Who are ID’s? They are mostly professionals with quality experience/ exposure. They are also attracted to reputed corporates and trusted promoter groups. The Corporates approach the ID’s after vetting their professional history and integrity. Once nominated they follow a process of approval by the shareholders.

We must learn to differentiate between ID’s and nominee directors. The later only follow instructions given by the parent organisations, like banks, parent company, etc. The ID needs to clear exams in addition to having relevant experience. They are expected to add value to the working of the corporate by sharing knowledge and experience. They are also expected to keep the board balanced so that the promoter group does not have a free run. So what happens when not all information or genuine information is shared with the board? Or then the ID’s do not speak their mind? Or then the ID is compromised? We need to have some basic data before painting everyone red.

Governance is about voicing the difference in understanding, not compromising, but understanding the ground realities, contributing positively to growth, not becoming a millstone. Independence in thought process and freedom of speech! Unfortunately, governance is today only about compliance. Most laws today hold the ID’s personally liable, exposing them to matters that they are remotely connected to. Their focus should be wealth creation not ‘babugiri’!

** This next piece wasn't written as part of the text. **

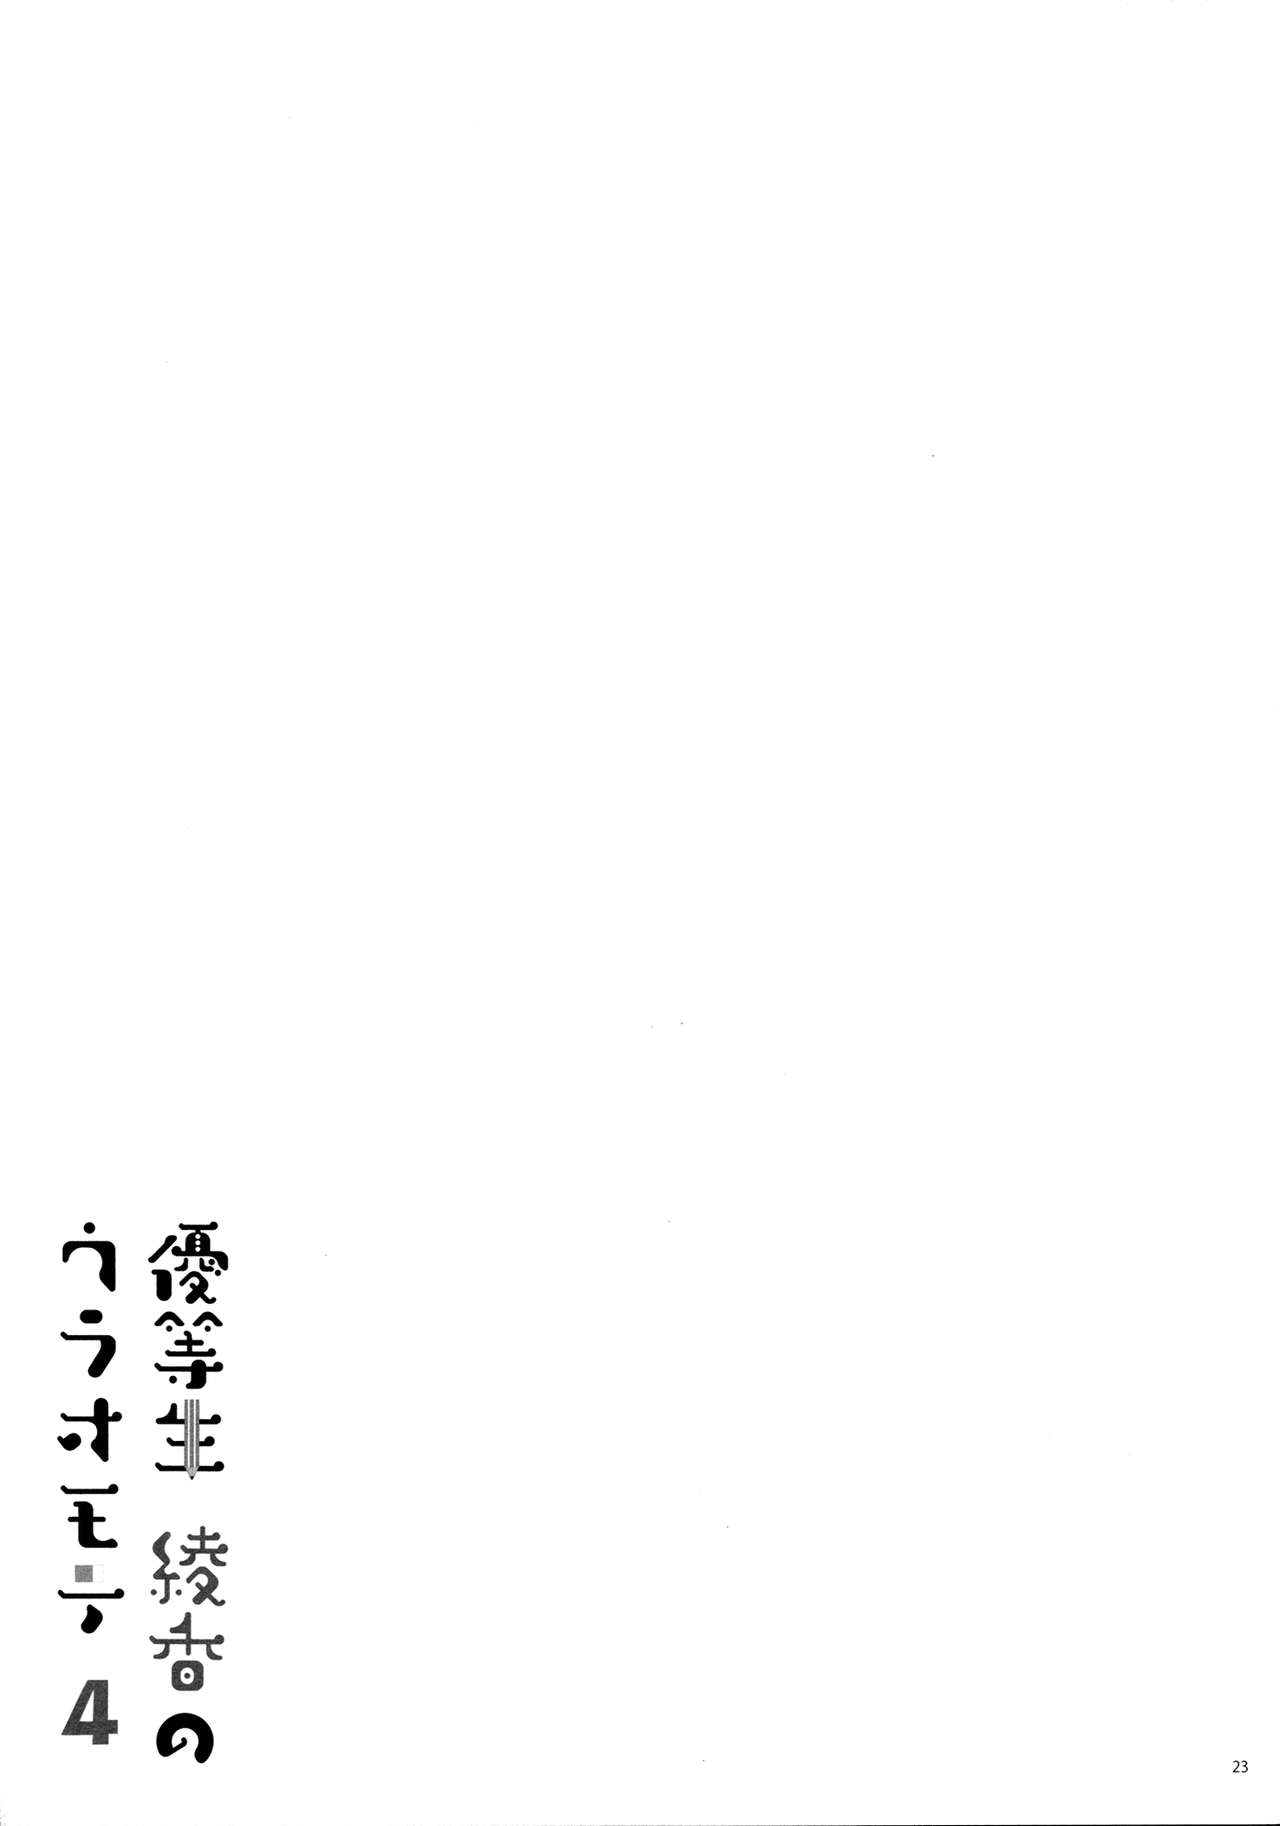 (COMIC1☆11) [moco chouchou (ひさまくまこ)] 優等生 綾香のウラオモテ 4 [英訳]

Board may want an academician on board with actual exposure to the industry, preferably with a global perspective. Technology is the driver, you may want to rope in a technology expert who could share his experience and challenges and guide the corporate through the journey. Where will you get them if the promoters do not scout for them, identify them and see if they are the perfect fit.

SEBI is electrifying the ring fence without identifying the vermin!